**Exercise objective**
Please output only the lines running from the one that contains "Fernando Sor Variations" through the last line of the data below, exactly as they stand, with no pictures.

**Data segment**
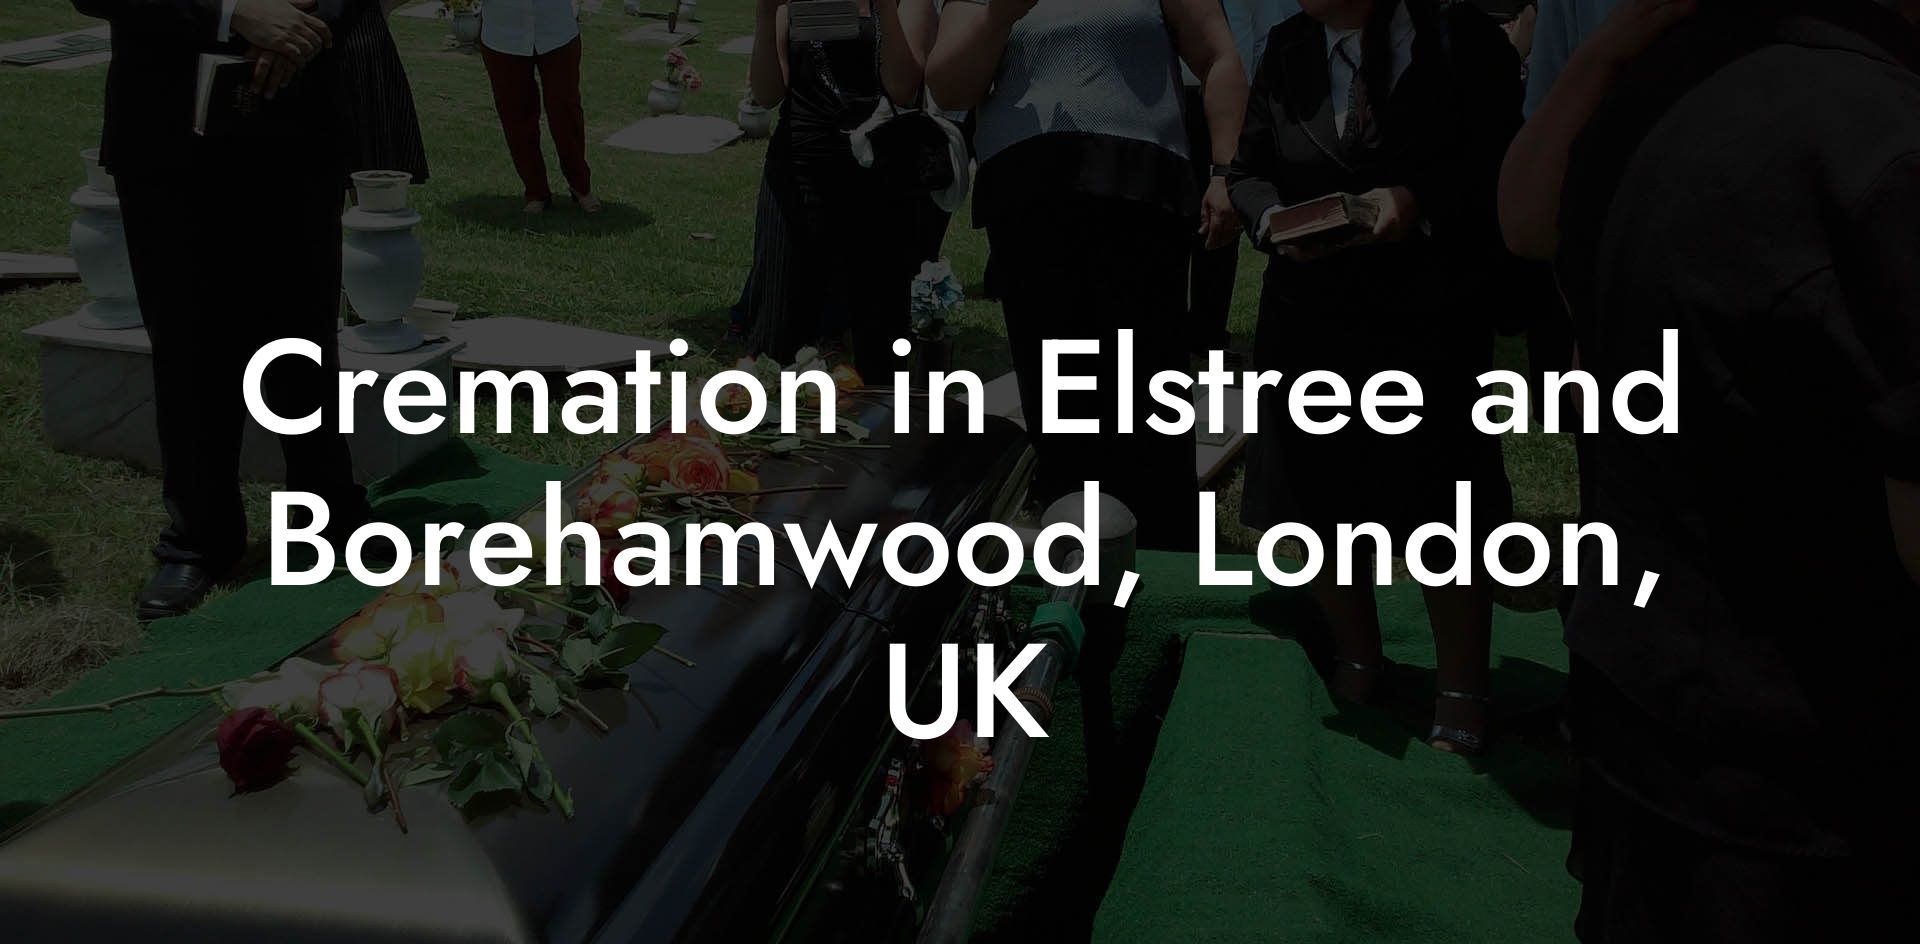 Cremation in Elstree and Borehamwood, London, UK
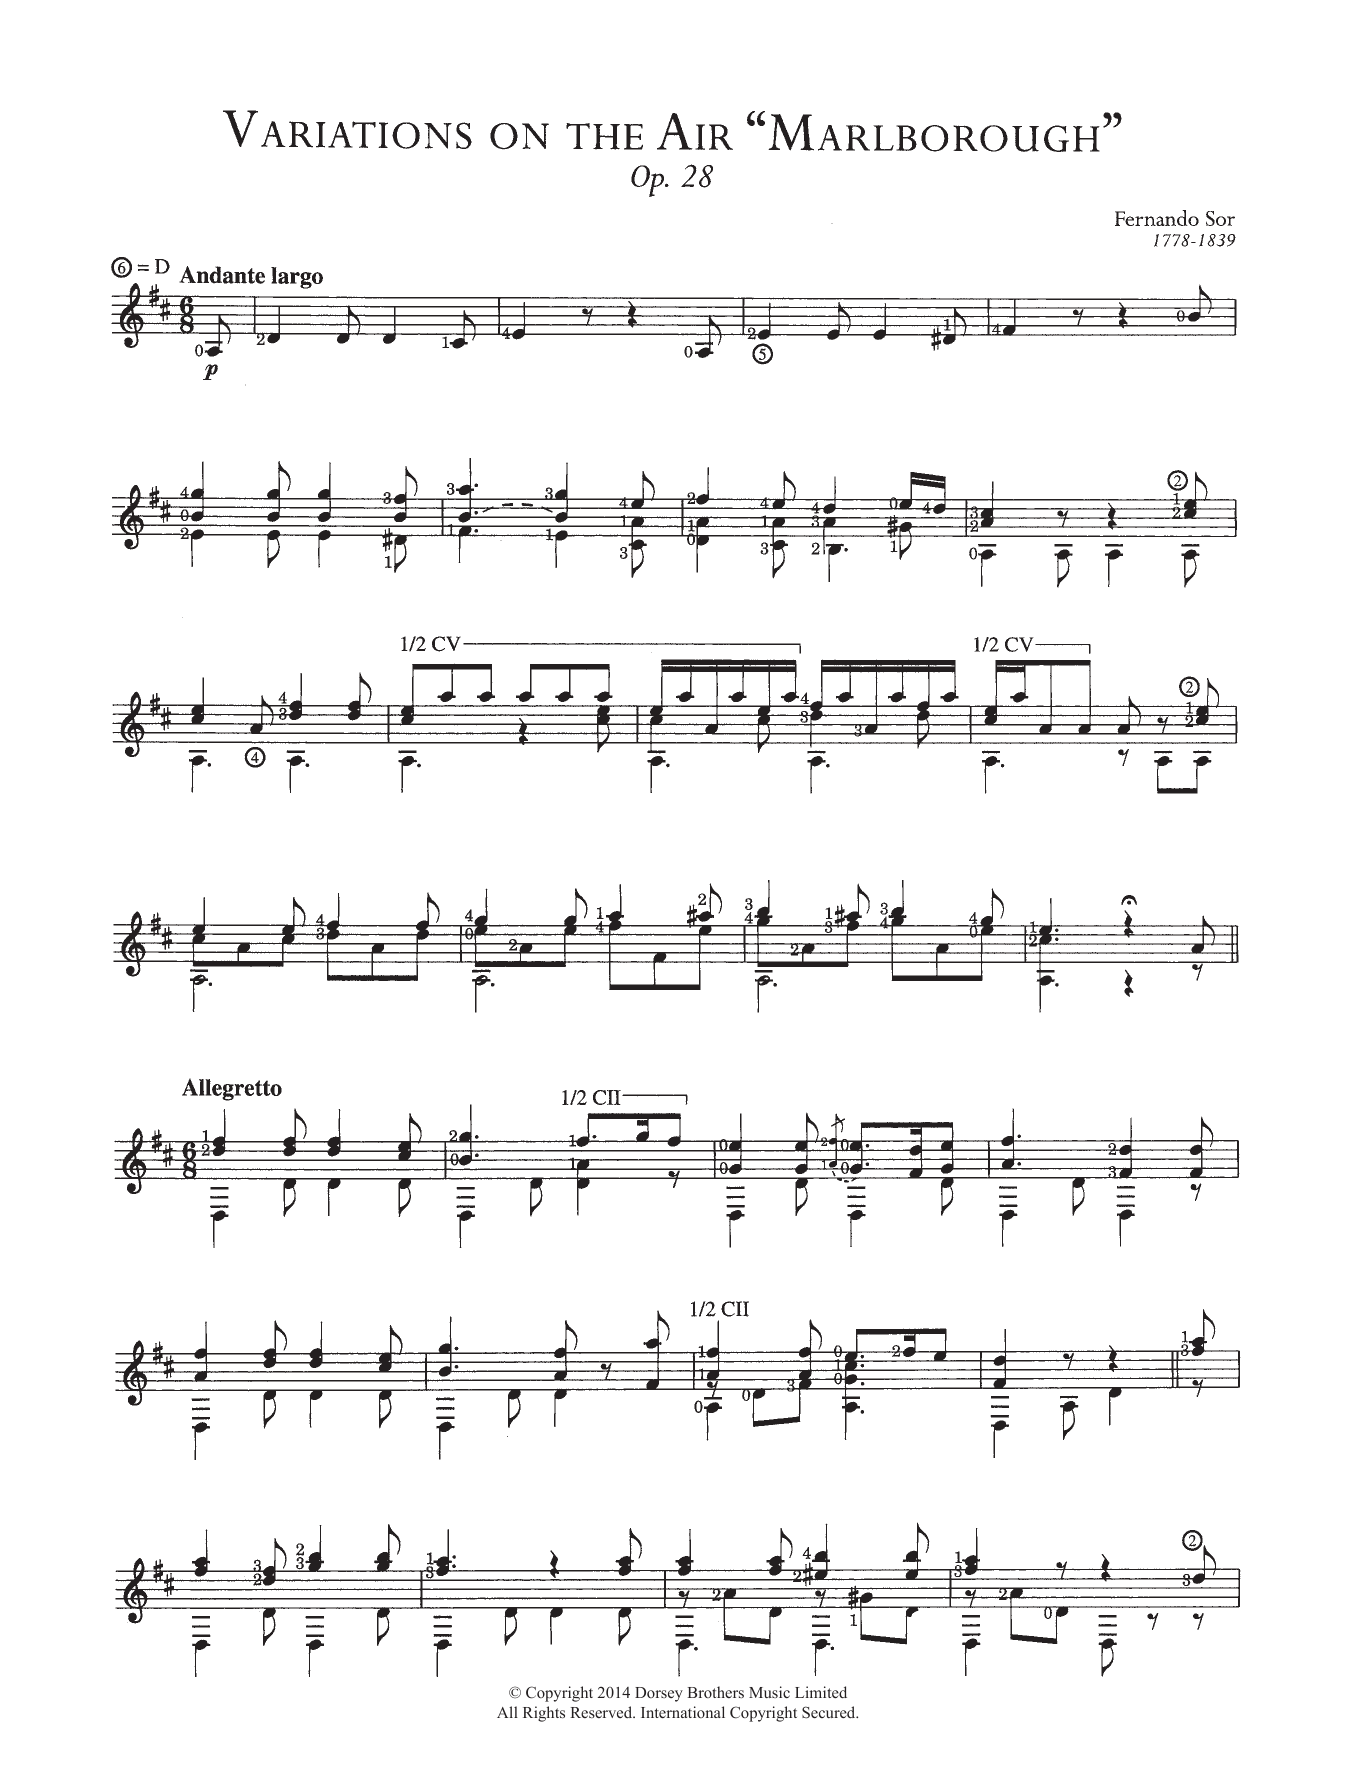 Fernando Sor Variations On The Air 'Marlborough', Op.28 Sheet Music Notes & Chords for Guitar - Download or Print PDF
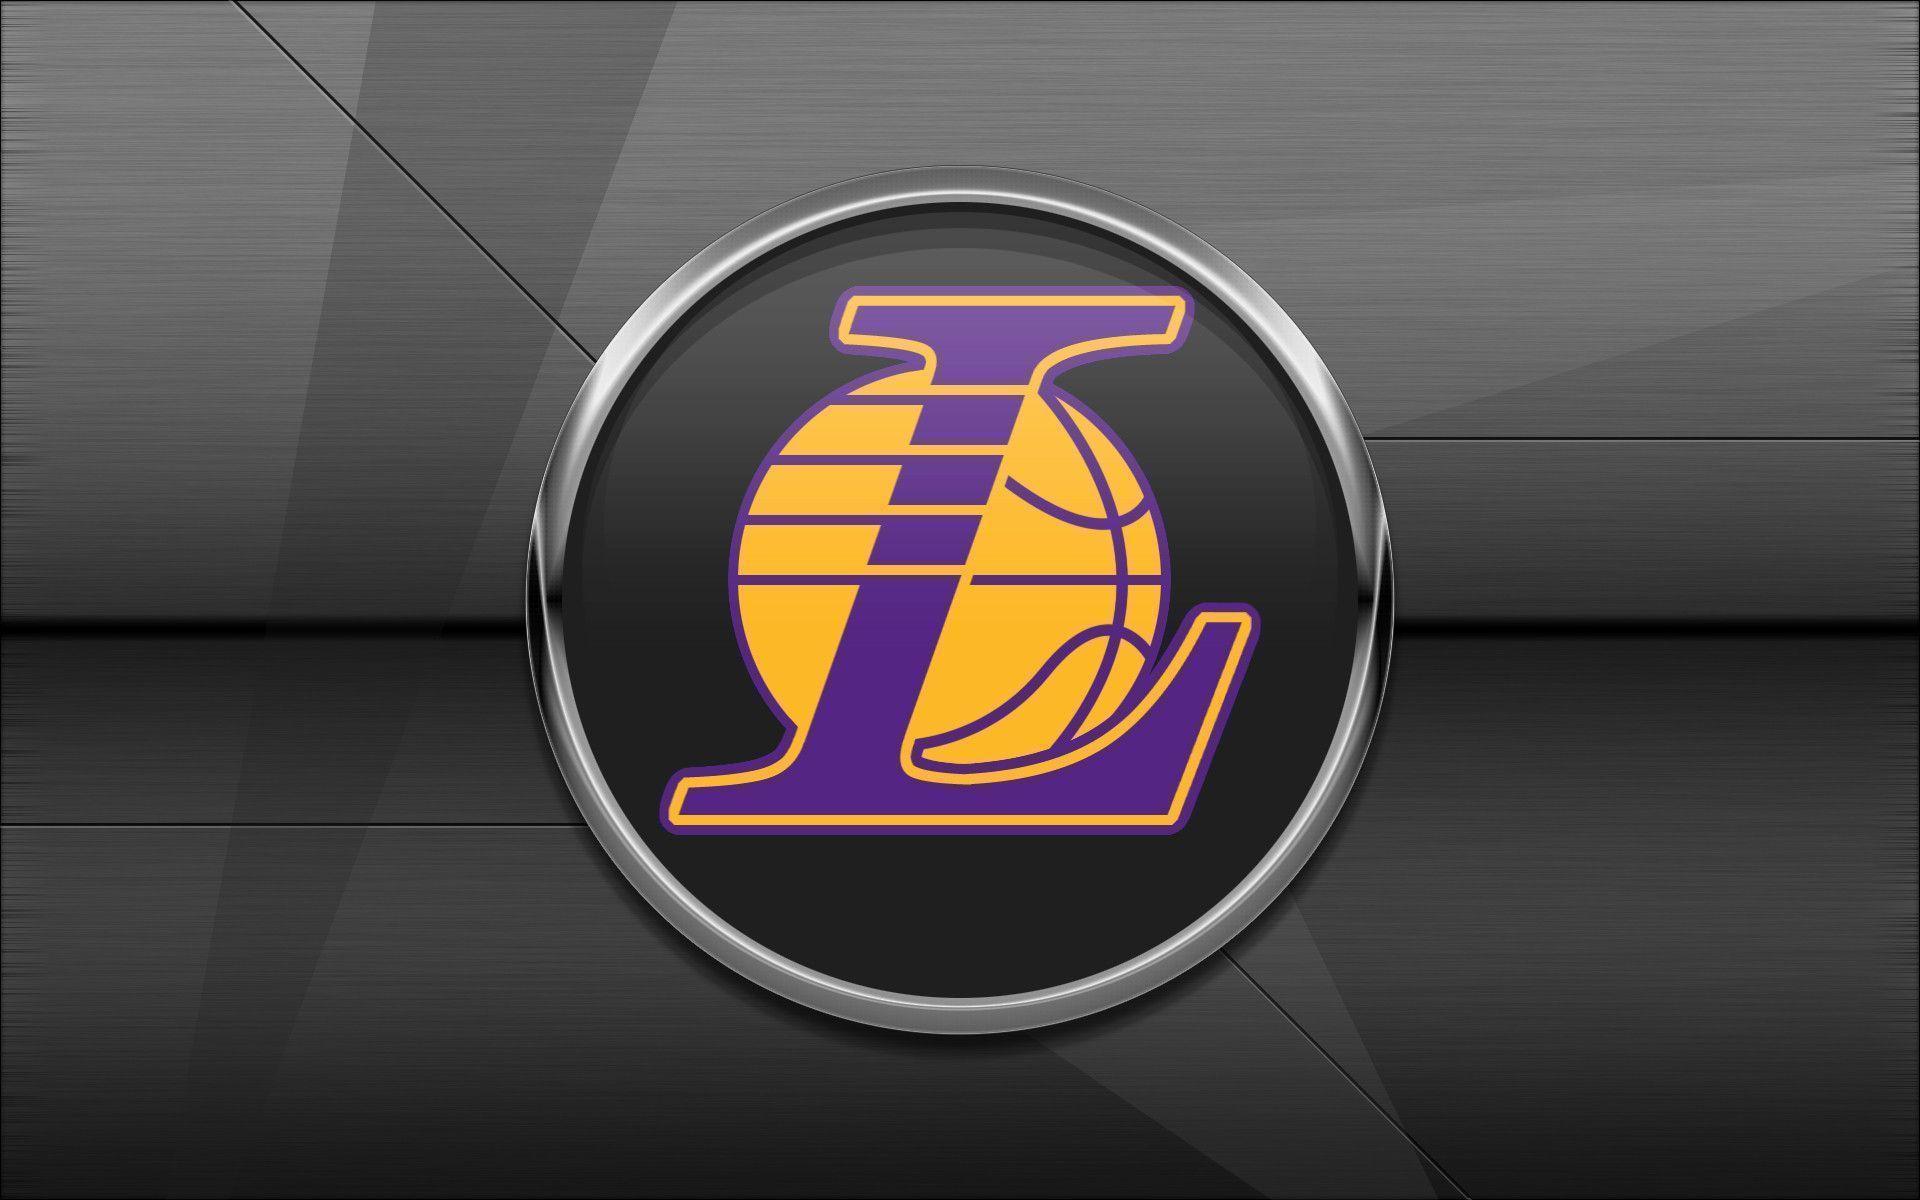 Lakers Black Logo Wallpaper Image & Picture
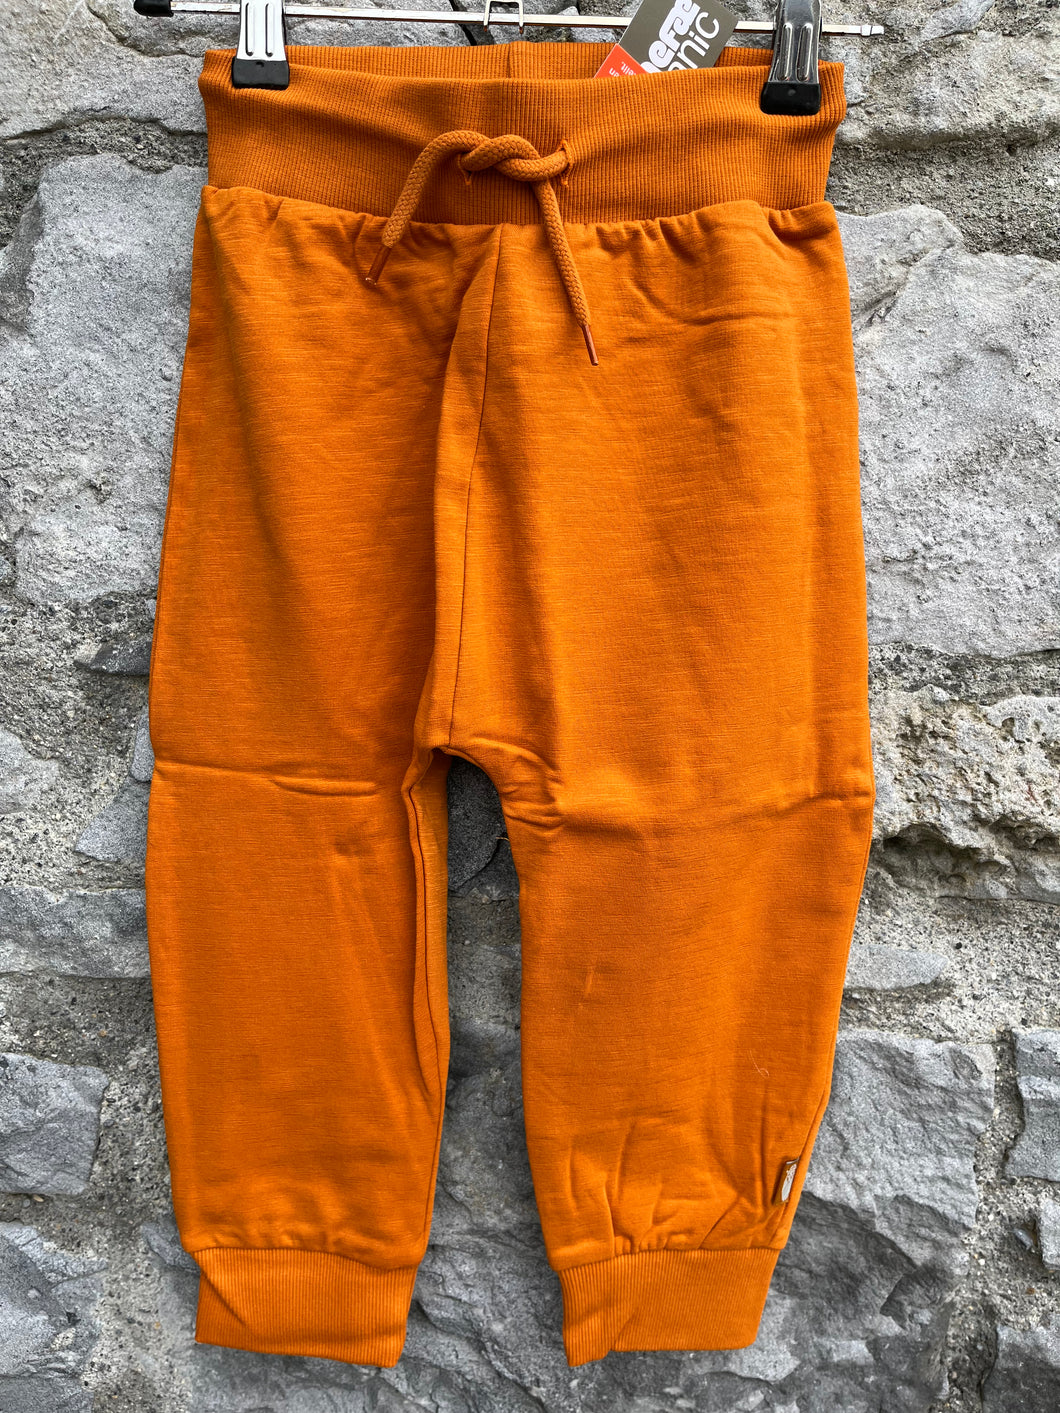 Orange pants  18m (86cm)

**Response to this task**
 Fernando Sor Variations On The Air 'Marlborough', Op.28 Sheet Music Notes & Chords for Guitar - Download or Print PDF
 Lakers Black Logo Wallpaper Image & Picture
 Orange pants  18m (86cm)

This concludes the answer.